Alguns dias depois, o meu guardanapo foi levado pelos ventos do tango e, numa respiração de acordeão, fui fulminada pelo raio da paixão em Buenos Aires… entre manifestações contra o Milei, Fernet com Coca e o pé do “Abaporu” de Tarsila do Amaral no museu, guiado pela vastidão do sol… morreu o meu tio Aurélio, o irmão mais velho da minha mãe, o primeiro a sair da nossa pequena aldeia da Beira interior para se tornar padre, e que sempre foi o impulso de expansão e o elo de ligação da minha família. Fiz o luto a pensar em São Francisco de Assis, patrono da ecologia e protetor dos animais, sobre quem tínhamos estado a falar ao telefone, antes dele piorar… nesse telefonema, o meu tio disse-me que tinha lido o meu livro de poemas, mas que não o tinha compreendido muito bem… e que por isso fez questão de o ler uma segunda vez. Embora eu não seja católica, entendia-me com ele quando falávamos de viagens e de fé. Pois se na vida há ciclos que se fecham, outros apenas se renovam, numa eterna dança com o sentido encerrado no mistério das coisas, a que precisamos voltar. A sorte de ter encontrado alguém que me viu e me sustentou, depois da dor da irresponsabilidade afetiva, como um punhal brilhante para sempre cravado na pedra do tempo. Mesmo se mais nada de bom acontecer este ano, tudo de bom já aconteceu este ano… risos, músicas em espanhol, cachoeiras atrás de grutas e pedras, a água da fonte primordial jorrando, caindo energicamente à nossa frente como um sinal de esperança… a bênção do benzedeiro da vila, protegendo o nosso corpo, rezas e unções para afastar o mal e a mordida de insetos, cobras, aranhas, morcegos. E se o Universo me devolveu o sorriso na Argentina, são agora vivas as cores na tela da minha imaginação sobre a pele… pois entre a neura do tabaco e os novos mantras do espetáculo, é com ele que eu ainda sigo, este ano. 
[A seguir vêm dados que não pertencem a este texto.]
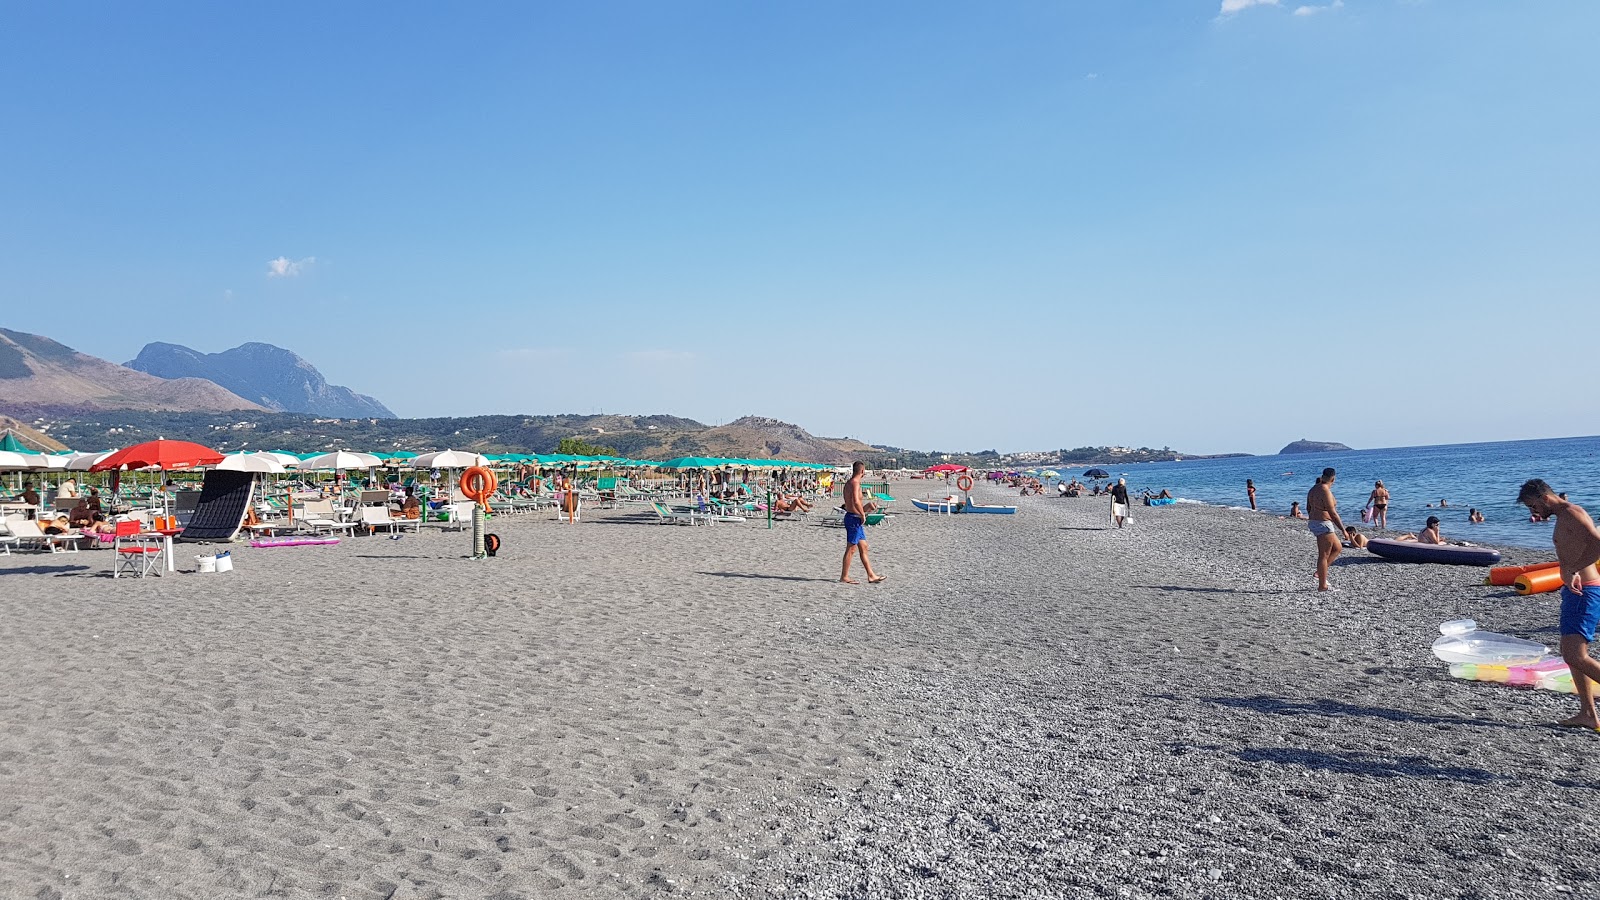 Foto von Acchio-Fiumicello beach mit grauer sand Oberfläche

Talvez fazer cumprir um destino seja só a capacidade de permanecer com todas as nossas dúvidas e temores, com a nossa vulnerabilidade intacta? Insistir em olhar onde dói, e incluir o Outro? Mas talvez isso pressuponha a capacidade de valorizar antes de mais quem somos, e o que desejamos, independentemente de tudo o resto. Pois parece-me que uma coisa é a nossa potência… os desejos latentes, que ficam a pairar enquanto projeções ou ideais… outra é a sua concretização, quando eles ganham forma no tecido social, traduzidos pela linguagem… e ainda, como isso é recebido e devolvido pelos outros. E se isto se confunde e depende dos fatores por onde se forja e desdobra o privilégio, parece-me que o mais importante será ainda compreender e fortalecer esse lugar essencial que somos nós quando mais ninguém está a ver. 
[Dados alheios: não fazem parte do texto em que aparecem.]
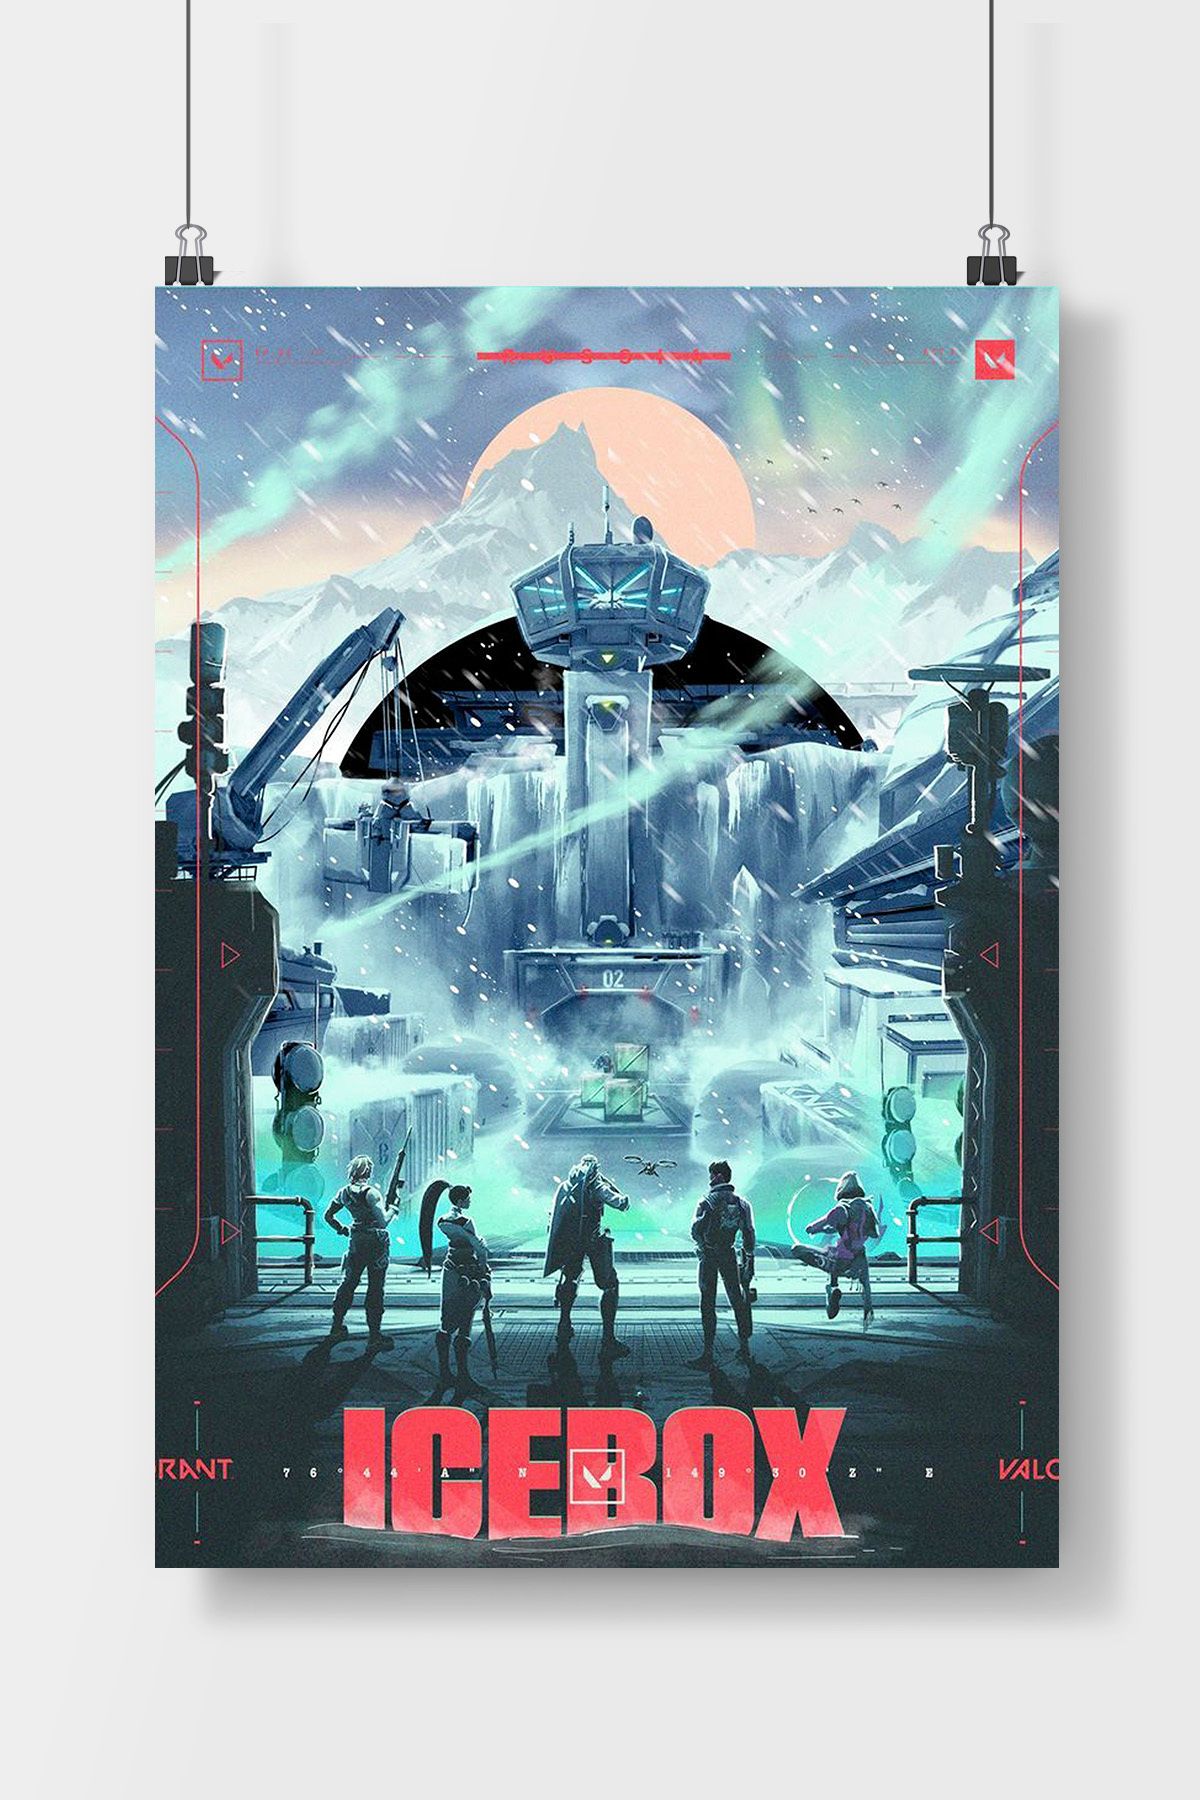 TREND Valorant Icebox Oyun Poster Çerçevesiz Parlak Kağıt

E há muita coisa em que eu acredito cada vez mais. No axé que tem livrado o Brasil do Bolsonaro, por exemplo. Na força invisível que mora no coração de uma comunidade que se une para reivindicar o bem comum, seja na luta contra a mineração de lítio no Barroso, em defesa das águas livres do Tejo, ou na criação de corredores ecológicos estratégicos dentro da Mata Atlântica, para fazer os macacos circular.

Em entrevista à veterinária do projeto, na véspera de ela abandonar o cativeiro para seguir os seus estudos na universidade do Rio de Janeiro, ela contou-me que aprendeu com os muriquis a levar a vida mais de boa, a não se preocupar tanto com as coisas… ela explicou que eles passam a vida a abraçar-se e a comer folhas, no topo das árvores, e que também conversam muito (os muriquis usam 14 fonemas que se aproximam de vogais ou consoantes da linguagem humana, numa rica variedade de combinações… numa conversa em que um espera o outro terminar antes de se pronunciar), e que isso produziu nela uma grande admiração, pois revela a capacidade de resiliência dos muriquis, apesar da ameaça que paira sobre as suas cabeças. Pouco tempo depois do pôr do sol, antes de me ir deitar, fui gravar o cartão SD com esta entrevista para o disco externo ligado ao meu computador… e ao retirar o disco da ranhura, deixei-o cair da cama para o chão!… num acidente que se revelou fatal para cerca de metade dos meus dados. Imaginei acabar o filme com esta partilha da Fernanda, que achei muito comovente e sincera, que refletia o impacto do comportamento dos muriquis nos cientistas… naturalmente isolados em “ilhas” de floresta, estes são trazidos para o cativeiro para constituírem um grupo coeso, enquanto os humanos também formam um grupo de estudo aqui - afinal, todos vêm de longe para se encontrarem neste recinto onde ficam, dia após dia, a olhar uns para os outros. Como lidar com a culpa e a frustração de perder o nosso trabalho? 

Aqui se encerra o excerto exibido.